_Input data_:
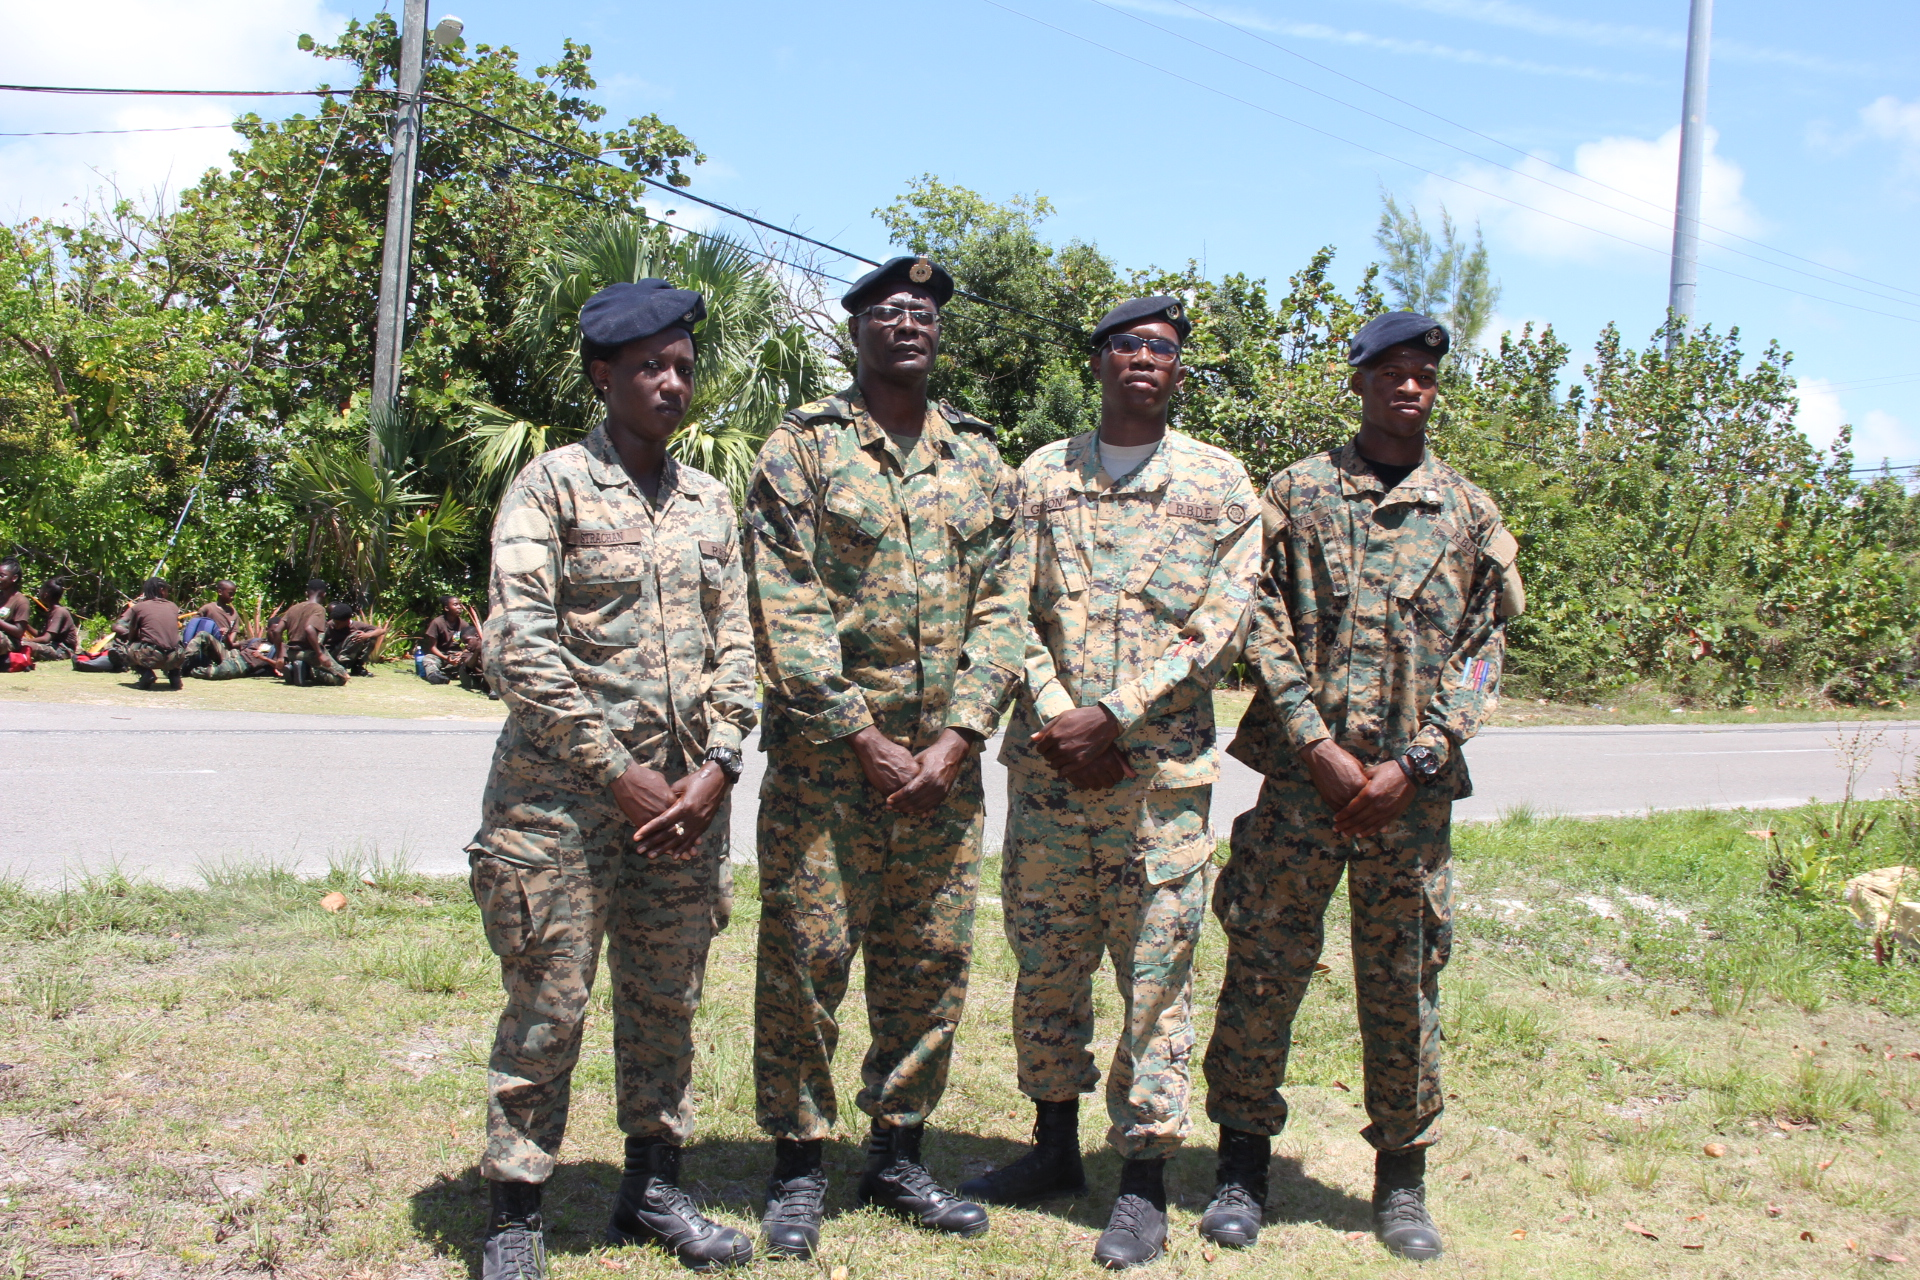 RBDF Rangers Instructors intervene to prevent suicide attempt
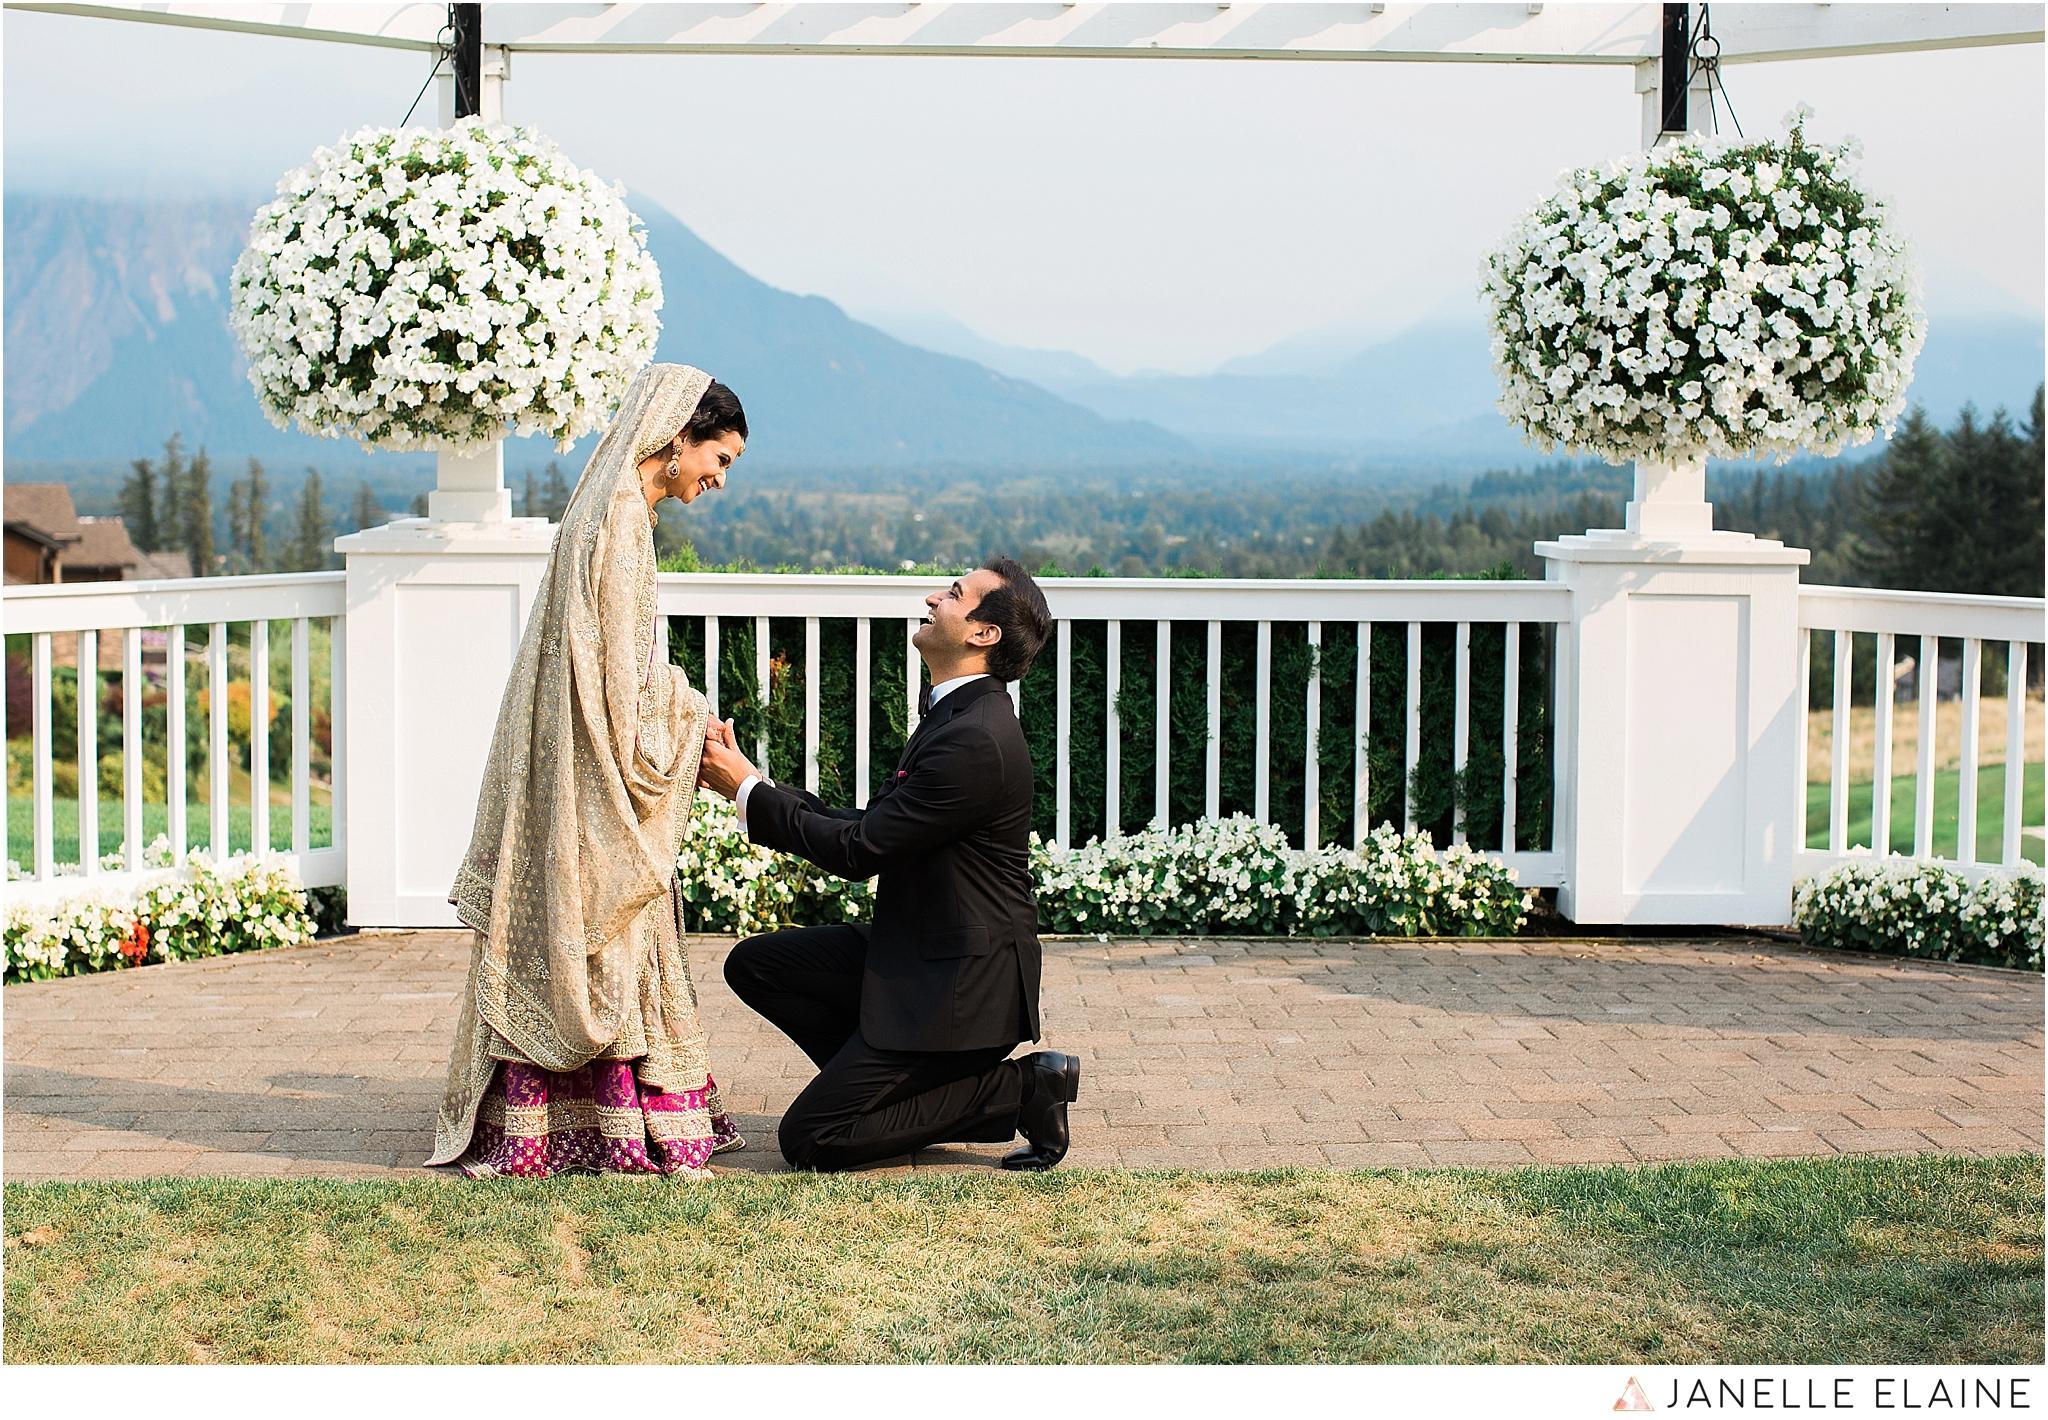 janelle elaine photography-the club at snoqualmie ridge-washington-wedding-photography-portraits-45.jpg
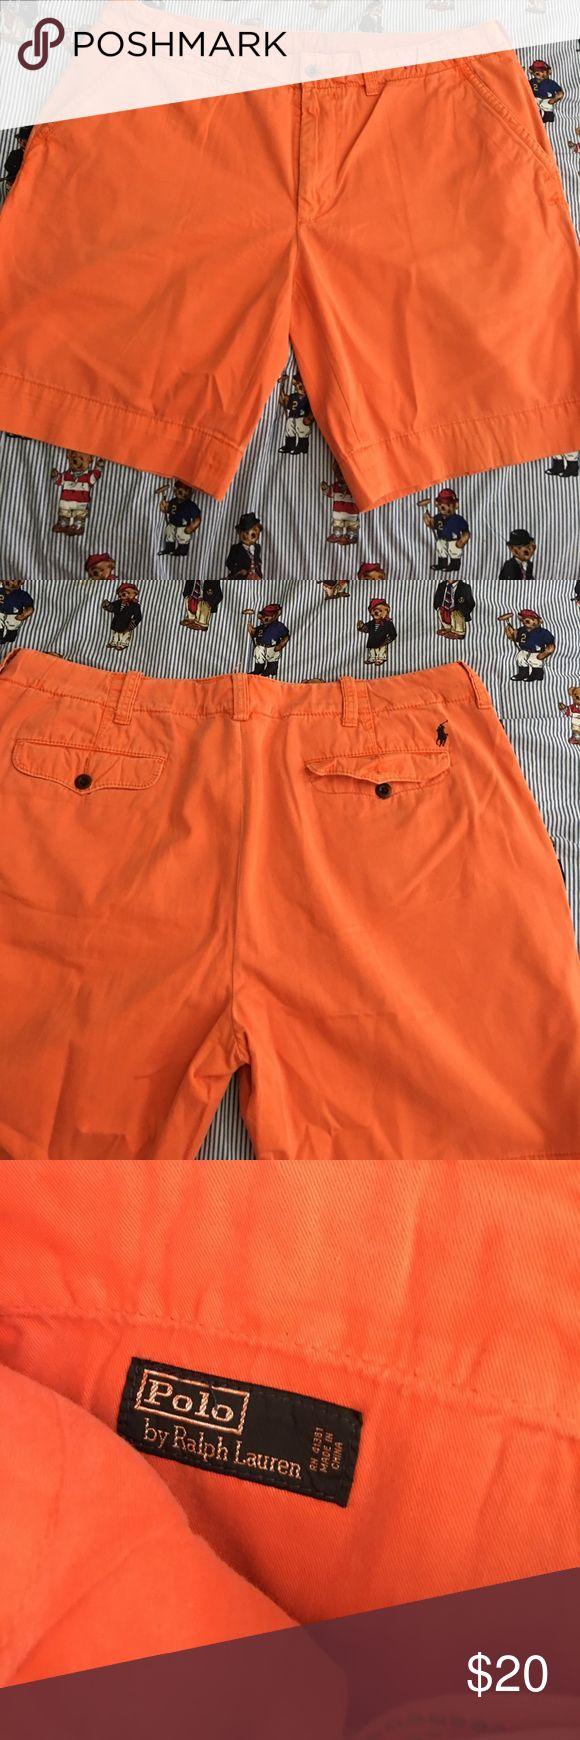 Polo Ralph Lauren shorts Polo Ralph Lauren shorts in good condition Polo by Ralph Lauren Shorts Cargo

_Try it_: An exact copy of all the data above is required; omit any pictures.

_Solution_:
 RBDF Rangers Instructors intervene to prevent suicide attempt
 janelle elaine photography-the club at snoqualmie ridge-washington-wedding-photography-portraits-45.jpg
 Polo Ralph Lauren shorts Polo Ralph Lauren shorts in good condition Polo by Ralph Lauren Shorts Cargo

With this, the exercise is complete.